July 15, 2015

Ellen White Letters and Manuscripts to Be Released

Related news commentary: “Remembering July 16, 1915”

, news editor, Adventist Review

A collection of letters and manuscripts of Seventh-day Adventist Church cofounder Ellen G. White is being released on the Ellen G. White Estate website on Thursday, the 100th anniversary of her death.

The collection, previously only available to researchers at White research centers, contains about 50,000 pages of materials dating from 1845 to the months before White’s death on July 16, 1915.

The materials, which are not expected to contain any surprises, were not made widely available earlier because many are of a personal nature and make reference, sometimes in strong terms, to individuals by name, said James R. Nix, director of the White Estate.

But those people and their close relatives are no longer alive today, prompting the White Estate to decide in 2013 that the value of the materials outweigh those sensitivities and to release them during centennial commemorations of White’s life and ministry.

“Other archives will hold materials for 50 years or 100 years and then release them, so why shouldn’t we?” Nix said in an interview Tuesday. “Now it seems natural to put them on the website where everyone can have access to them 100 years after her death.”

A prominent link to the materials will be placed at the top of the homepage of the White Estate’s website, ellenwhite.org, from Thursday.

Upon her death, White placed the care of her unpublished writings in the hands of five life trustees. But her estate soon faced financial challenges, leading the General Conference, the administrative body of the Seventh-day Adventist Church, to purchase it outright. The church promptly returned the literary portion of the estate to the trustees in accordance with Ellen White’s written instructions in her Will.

Among the trustees was the General Conference president and other individuals whom White mentioned by name in unpublished, personal correspondence.

“Ellen G. White had written especially strong counsel to some of them, so they were not excited about the materials being released,” Nix said. “If you were the president of the General Conference, why would you want some pastor in the middle of the United States reading about you from the pulpit in church?”

The White Estate released the first book of previously unpublished material in 1932, a compilation titled Medical Ministry.

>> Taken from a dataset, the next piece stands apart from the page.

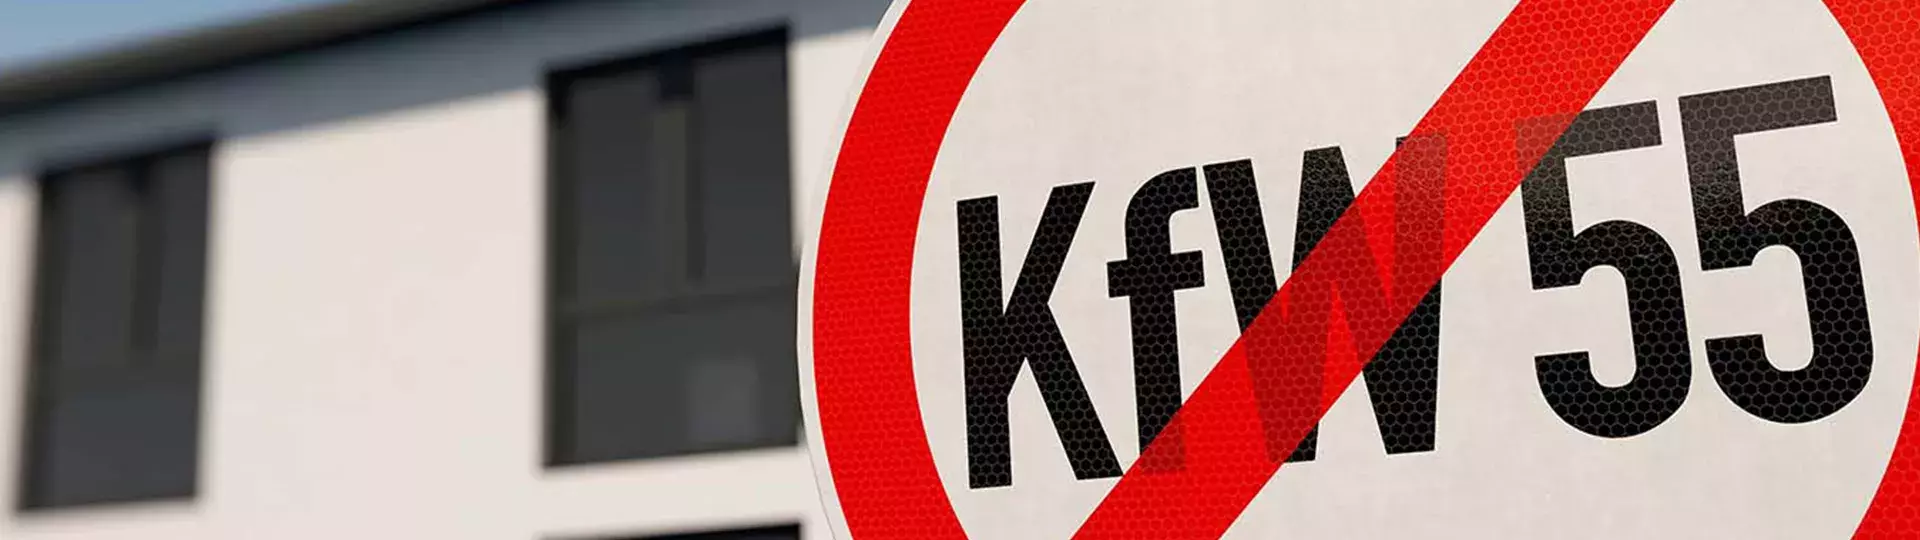 KFW-Förderung vorzeitig gestoppt

Researchers began to gain access to the unpublished materials in the 1930s with the understanding that any cited information had to first be approved jointly by the White Estate and the General Conference.

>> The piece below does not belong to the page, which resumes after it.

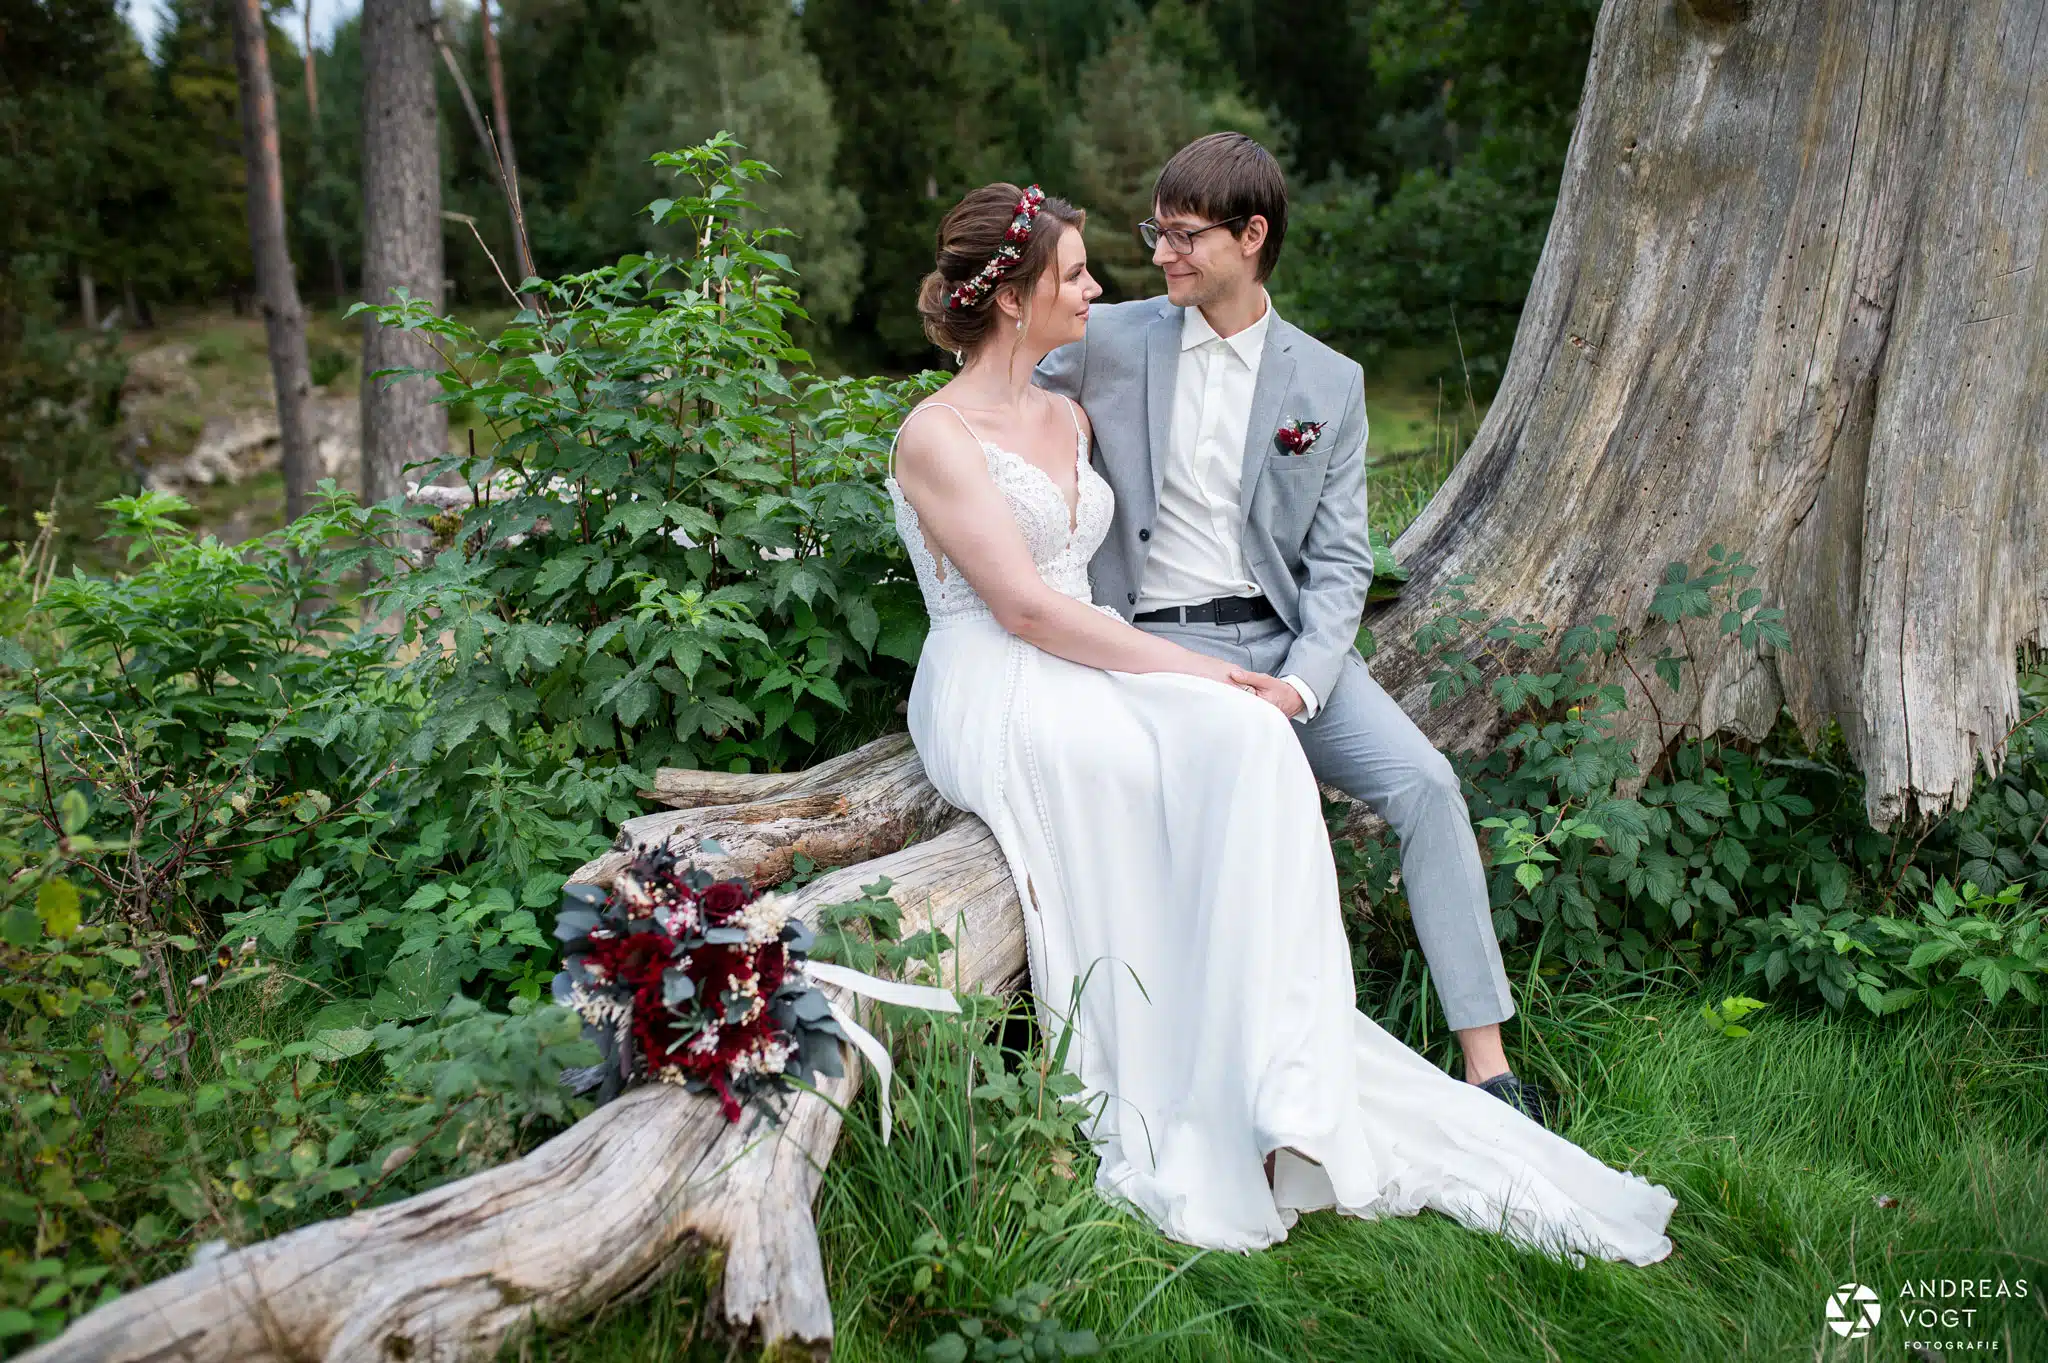 Jasmin und Matze - After-Wedding Fotoshooting mit Andreas Vogt Fotograf aus Aalen

The rules were softened in the 1980s, and all unpublished materials are available at White research centers in all the divisions of the world church.

Nix said the unpublished collection includes family letters, letters addressed to individuals and institutions, diary materials, and manuscripts written for publication in books and periodicals such as the Review and Herald (now the Adventist Review).

The collection will only be available on the website for now but may be included on the Ellen G. White app in the future.

Nix said he didn’t expect any surprises to emerge from the documents.

“The materials have been gone over by researchers for years,” he said. “The portions that I have read were fascinating but not surprising.”